Abstract:

Testing and screening for factor deficiency using one-stage clotting assays is the most prevalent methodology, but it is susceptible to misestimating a patient’s true coagulable state due to either the clot detection methodology or the aPTT reagents involved. In our case report, a 16-year-old with mild hemophilia B had a normal aPTT and factor IX activity using a new platform in the clinical laboratory. We evaluated the impact of instrument and aPTT reagents that differed in clot detection methodology, the activator and the source of phospholipid in one stage assays (OSA) for FIX:C and aPTT using plasma from this patient.

Introduction:

Laboratory testing for bleeding disorders includes two widely available screening assays for coagulation factor deficiencies, activated partial thromboplastin time (aPTT) and prothrombin time (PT).^1-3 Clinicians must understand the potential limitations of screening and specific factor activity testing, as performed in their laboratory, to accurately reflect their patient’s hemostatic status. The aPTT independently tests coagulation factors VIII, IX and XI, but also assesses contact factors XII, prekallikrein and high molecular weight kininogen. The aPTT shares screening of “common pathway” factors V, X, II and I with the PT, which independently screens factor VII.³ An isolated prolongation of the aPTT (with normal PT) would prompt the clinician to evaluate factors XI, IX and VIII for deficiency that might be associated with a bleeding phenotype. Normal PT and aPTT may provide reassurance against a severe deficiency of the screened coagulation factors. We report on a failure of the screening aPTT and a specific factor activity assay to detect mild factor IX deficiency.
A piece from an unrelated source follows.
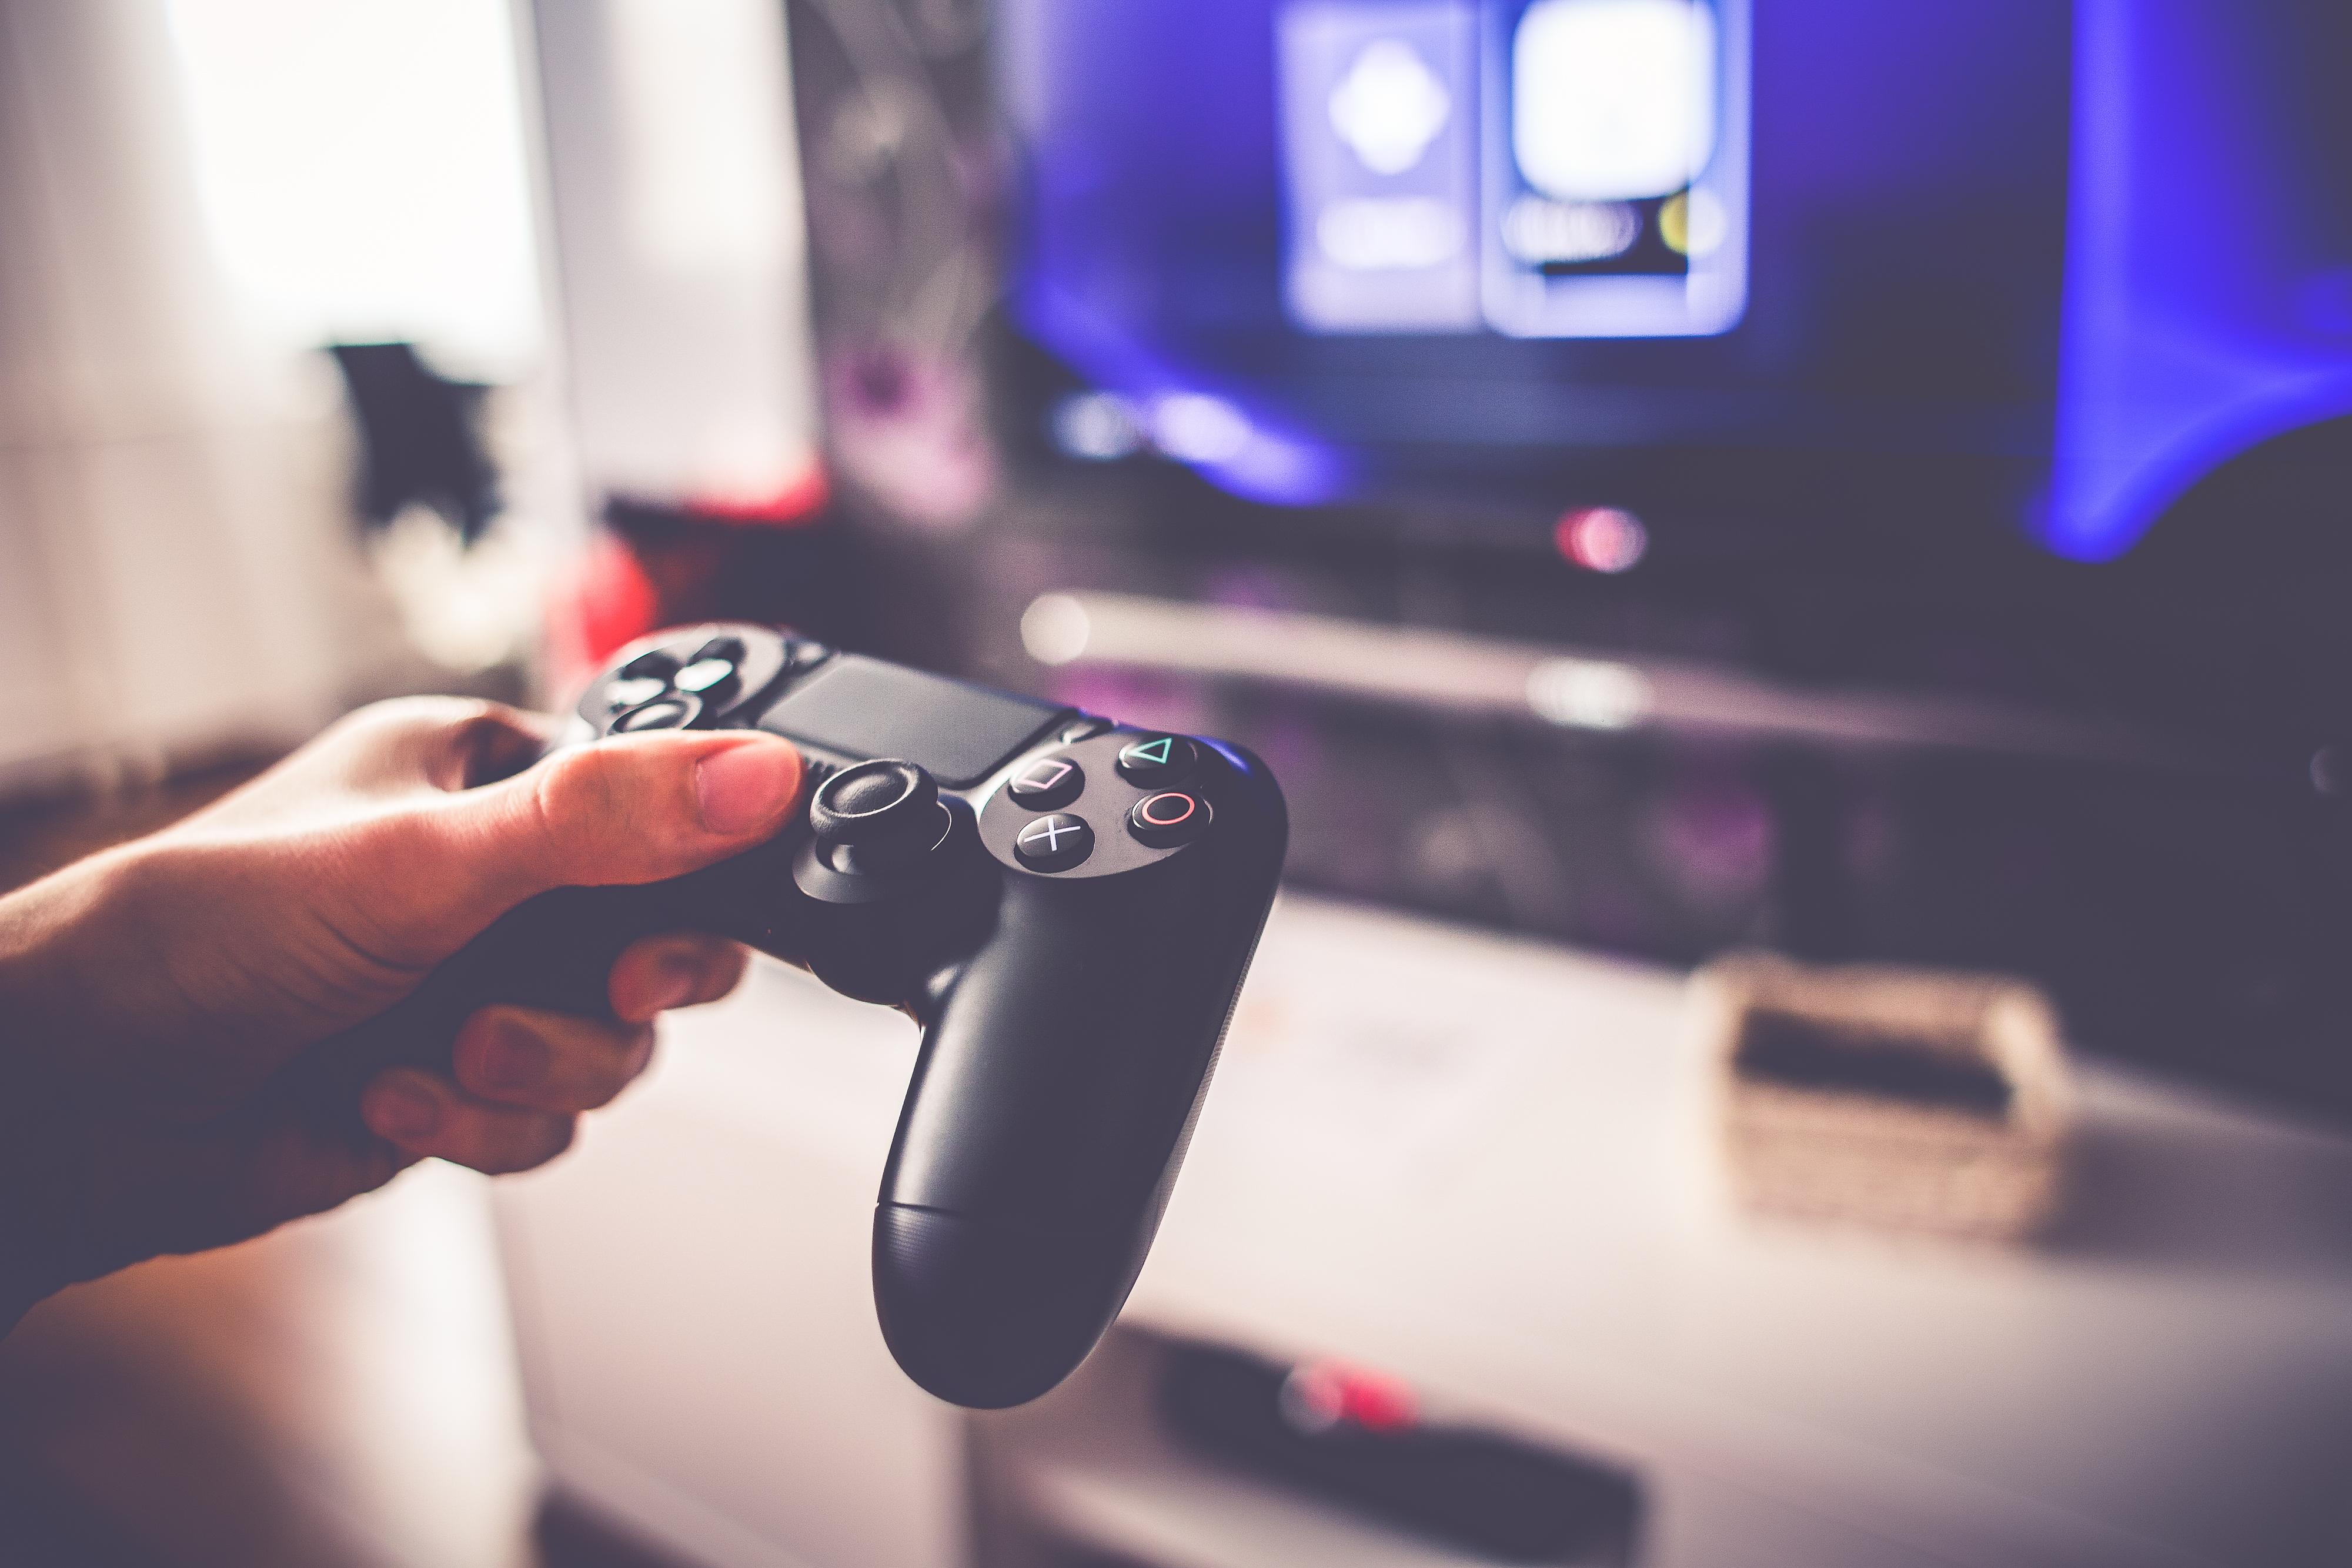  Estudio indica que 9 horas de videojuegos a la semana son perjudiciales

A variation of the aPTT utilizing specific factor-deficient plasma can estimate the patient’s factor VIII, IX or XI activity to detect deficiency or monitor coagulation factor infusions.^3-5Variant aPTT testing can monitor unfractionated heparin effect or screen for a lupus anticoagulant.² When screening or testing for hemophilia is desired, the aPTT should be free from heparin contamination and sensitive to low factor XI, IX or VIII activity, but have low sensitivity to factor XII deficiency or lupus anticoagulants.² Most laboratories use a one-stage assay (OSA) for the aPTT. Patient plasma is mixed with an aPTT reagent, incubated briefly at 37 ^oC, and recalcified. Time to fibrin clot formation is measured. For specific factor assays, patient plasma is diluted with stock plasma deficient in the factor of interest, and the correction of the aPTT is compared to a standard curve of serial dilutions with known factor activity.¹

Coagulation instruments differ in their methods for clot detection. Mechanical detection senses cessation of movement of a metal ball between two magnets. Photo-optical detection registers a change in optical density or turbidity. Various manufacturers offer aPTT reagents that differ in the contact activator (silica, ellagic acid, or kaolin) and phospholipid source (animal brain, plant-based or a combination). Clinicians must understand the strengths and pitfalls of their laboratory’s platform (instrument + aPTT reagent), particularly when results deviate from expectations.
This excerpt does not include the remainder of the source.